Define `train_for_epoch` which runs the model for a single epoch, evaluates the model on dev set and return the Unlabeled Attachment Score (UAS) score: 

In [76]:
def train_for_epoch(parser, train_data, dev_data, optimizer, loss_func, batch_size):
    """ Train the neural dependency parser for single epoch.

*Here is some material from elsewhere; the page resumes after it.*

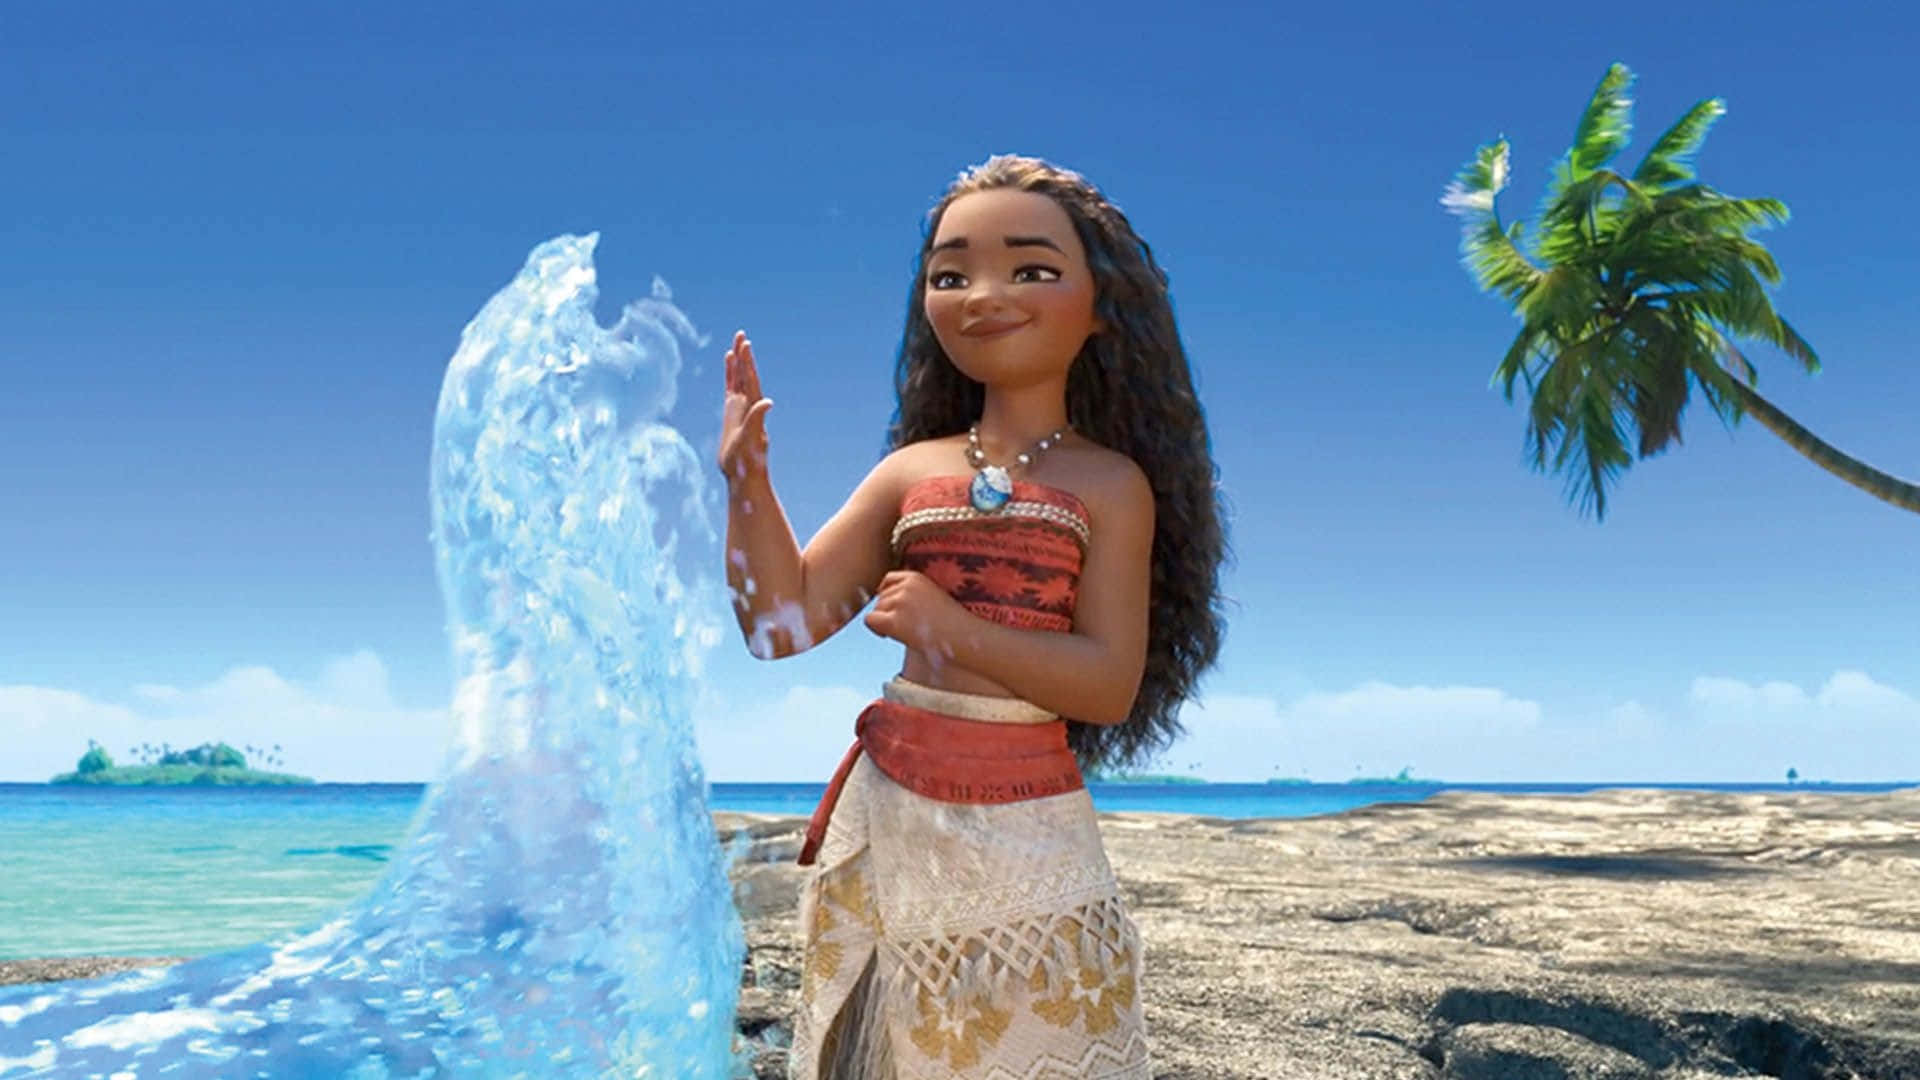 A timeless classic, Moana takes audiences on an adventure they won't forget!

    @param parser (Parser): Neural Dependency Parser
    @param train_data ():
    @param dev_data ():
    @param optimizer (nn.Optimizer): Adam Optimizer
    @param loss_func (nn.CrossEntropyLoss): Cross Entropy Loss Function
    @param batch_size (int): batch size
    @param lr (float): learning rate

    @return dev_UAS (float): Unlabeled Attachment Score (UAS) for dev data
    """
    parser.model.train() # Places model in "train" mode, i.e. apply dropout layer
    n_minibatches = math.ceil(len(train_data) / batch_size)
    loss_meter = AverageMeter()

    with tqdm(total=(n_minibatches)) as prog:
        for i, (train_x, train_y) in enumerate(minibatches(train_data, batch_size)):
            optimizer.zero_grad()   # remove any baggage in the optimizer
            loss = 0. # store loss for this batch here
            train_x = torch.from_numpy(train_x).long()
            train_y = torch.from_numpy(train_y.nonzero()[1]).long()
            logits=parser.model(train_x)
            loss=loss_func(logits,train_y)
            loss.backward()
            optimizer.step()
            
            prog.update(1)
            loss_meter.update(loss.item())

    print ("Average Train Loss: {}".format(loss_meter.avg))

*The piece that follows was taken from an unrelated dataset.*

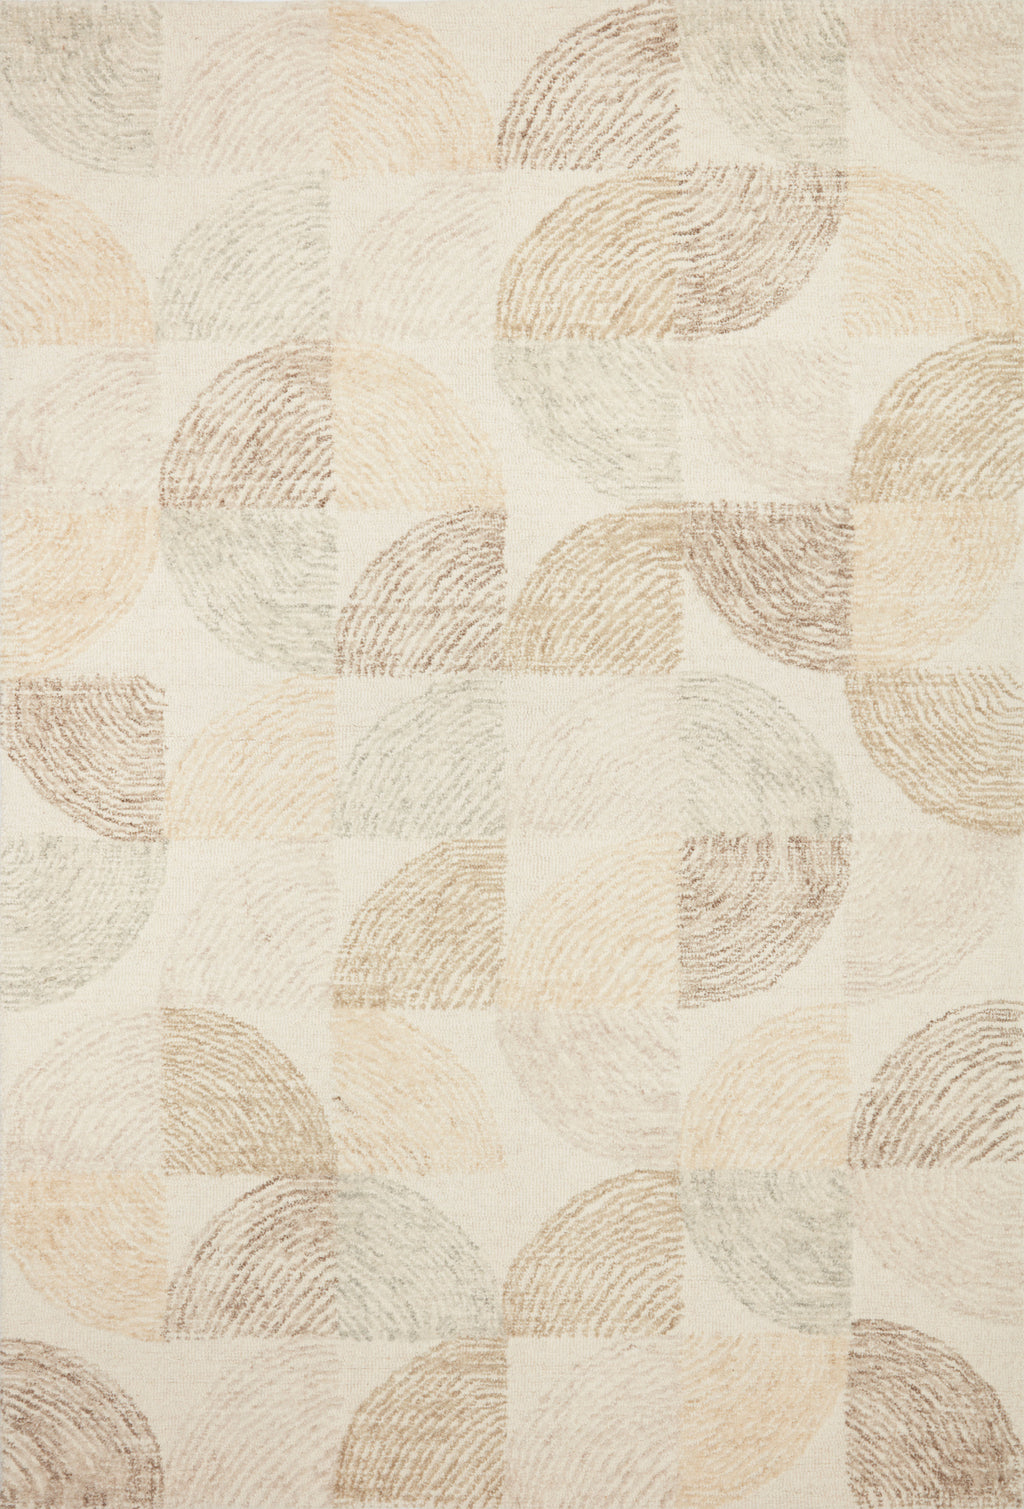 MILO Collection Wool Rug  in  Pebble / Multi Beige Accent Hand-Tufted Wool

    print("Evaluating on dev set",)
    parser.model.eval() # Places model in "eval" mode, i.e. don't apply dropout layer
    dev_UAS, _ = parser.parse(dev_data)
    print("- dev UAS: {:.2f}".format(dev_UAS * 100.0))
    return dev_UAS

Now define the `train` function which constructs the optimizer and cross-entropy loss functions and trains the model:

In [77]:
def train(parser, train_data, dev_data, output_path, batch_size=1024, n_epochs=10, lr=0.0005):
    """ Train the neural dependency parser.

    @param parser (Parser): Neural Dependency Parser
    @param train_data ():
    @param dev_data ():
    @param output_path (str): Path to which model weights and results are written.
    @param batch_size (int): Number of examples in a single batch
    @param n_epochs (int): Number of training epochs
    @param lr (float): Learning rate
    """
    best_dev_UAS = 0
    optimizer=optim.Adam(parser.model.parameters(), lr=lr)
    loss_func=nn.CrossEntropyLoss()

    for epoch in range(n_epochs):
        print("Epoch {:} out of {:}".format(epoch + 1, n_epochs))
        dev_UAS = train_for_epoch(parser, train_data, dev_data, optimizer, loss_func, batch_size)
        if dev_UAS > best_dev_UAS:
            best_dev_UAS = dev_UAS
            print("New best dev UAS! Saving model.")
            torch.save(parser.model.state_dict(), output_path)
        print("")

## Showtime: training!

Now let's instantiate the `nn.module` that we just defined with pre-defined word embeddings that we loaded above:

In [87]:
model = ParserModel(embeddings)

Now assign the `model` to `parser`:

In [88]:
parser.model = model

After each epoch, model evaluates the UAS score on the dev set, and if it has improved from the last epoch it will save the model in the following path:

In [89]:
output_dir = "results/{:%Y%m%d_%H%M%S}/".format(datetime.now())
output_path = output_dir + "model.weights"

if not os.path.exists(output_dir):
    os.makedirs(output_dir)

In [None]:
startTime = time.time()
train(parser, train_data, dev_data, output_path, batch_size=1024, n_epochs=10, lr=0.0005)
print("took %d minutes\n" %((time.time() - startTime)/60))

## Final evaluation

The model in the original neural dependency parsing paper gets 92.5 UAS, let's see how we did:

In [86]:
parser.model.eval()
UAS, dependencies = parser.parse(test_data)
print(UAS)

0.8909568837767271